В ту же секунду воздух сделался плотным, вязким, словно кисель. И тут как шарахнет по ушам. Хлыст упал на четвереньки. Превозмогая нестерпимую боль в голове, и слыша шипение, будто мозг превратился в продырявленный воздушный шар, пополз к пещере. Потухающим зрением уловил сбоку очертания воткнутой в песок палки. Размытой тенью руки схватил факел, поволочил за собой. Вперед... еще... еще...
Хлыст открыл глаза. Под спиной твердо, вокруг могильная тишина, гробовая тьма, и лишь в голове тренькают колокольчики. Мазнул пальцами по уху. Теплое и липкое — кровь. Нащупал сбоку факел. И что теперь? Пещера представляла собой лабиринт с множеством ходов и ответвлений, с ямами-ловушками и тупиками. Сколько раз братки пытались одолеть его, чтобы узнать, откуда приходит Хвостатый, но ничего у них не получалось — не хватало длины всех веревок, что были в лагере. А ведь такой простой и надежной была задумка увязаться вслед за ракшадами.

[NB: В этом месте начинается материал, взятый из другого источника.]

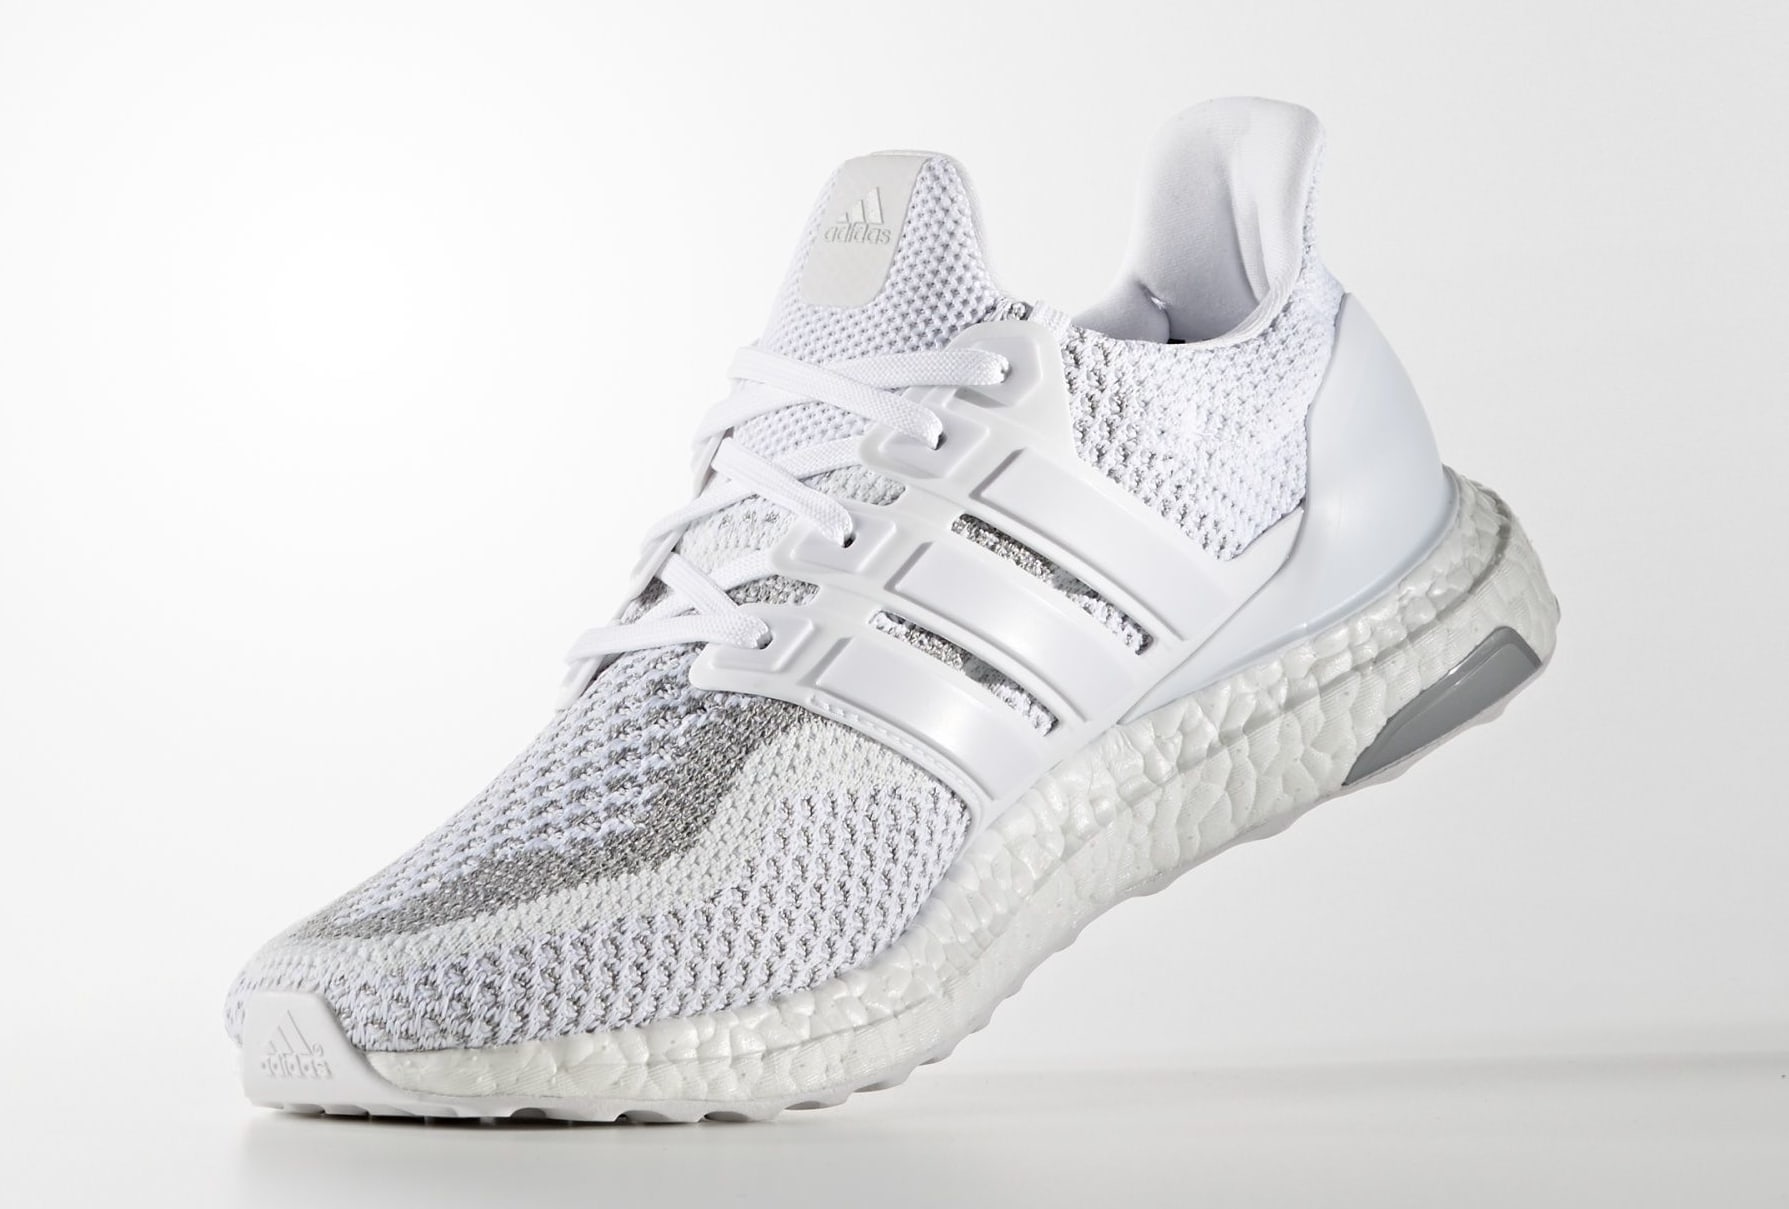 Adidas Ultra Boost 2.0 White Reflective 2018 Release Date BB3928 Medial

Хлыст судорожно сглотнул и зашелся в крике от прострела в перепонках. Он знал, что орет во все горло, но ничего не слышал. Сдавив руками уши, заставил себя замолчать. Долго лежал, не смея закрыть раззявленный рот — малейшее движение мышц лица возвращало адскую боль. Заложило нос. Ладони прилипли к щекам и занемели.
Хлыст отклеил один палец, другой... Теперь сомкнуть челюсти... медленно, очень медленно... Оставить маленькую щелку, чтобы всасывать воздух.
Полез в карман, вытащил размокший коробок спичек. Пощупал штаны. Зараза... обмочился и, похоже, не только...
Где-то рядом выход. Он не мог уползти далеко. Или мог? Или он пролежал целый день, и сейчас ночь? Или он умер? Рот наполнился слюной. От страха во рту должно пересохнуть... Жар в груди исчез. По ногам пополз колючий холод, затряслись колени, застыло сосулькой в паху, изморозью покрылся живот. Такое с ним уже было, давно, в "Котле", когда проходил посвящение. Значит, он в аду.
— Эй... — сказал Хлыст, слегка шевельнув языком.
Сказал или подумал? Слюна потекла по подбородку. Стало быть, сказал. На лицо что-то теплое "кап"... Хлыст вытер лоб, покатал липкий сгусток между пальцами. Сверху "кап-кап"... Плохо, что не дышит нос.
Осторожно перевернулся на живот. Встал на четвереньки. Вдруг что-то вцепилось в космы, в ухо, в загривок. Десятки крючков разодрали щеку. Удалось вырвать из волос нечто. Хлыст оцепенел от ужаса. В кулаке трепыхались пальцы-крылья, обтянутые упругой кожной перепонкой.
Загнутый крючок вонзился в глаз, еще один в шею, туда, где бьется сердце. Хлыст упал. Когтистая лапа проткнула висок.
* * *
Из окна кабинета был виден затормозивший перед главной лестницей спортивный автомобиль с изящным силуэтом и с большим просветом снизу для лучшей проходимости по бездорожью. Последнее творение ранее неизвестного автомобильного концерна Хатали переливалось в лучах солнца всеми оттенками перезревшей вишни. В прошлом году концерн, носящий название своей страны, заткнул за пояс ведущую автокомпанию Тезара. В этом году, похоже, тоже заткнет.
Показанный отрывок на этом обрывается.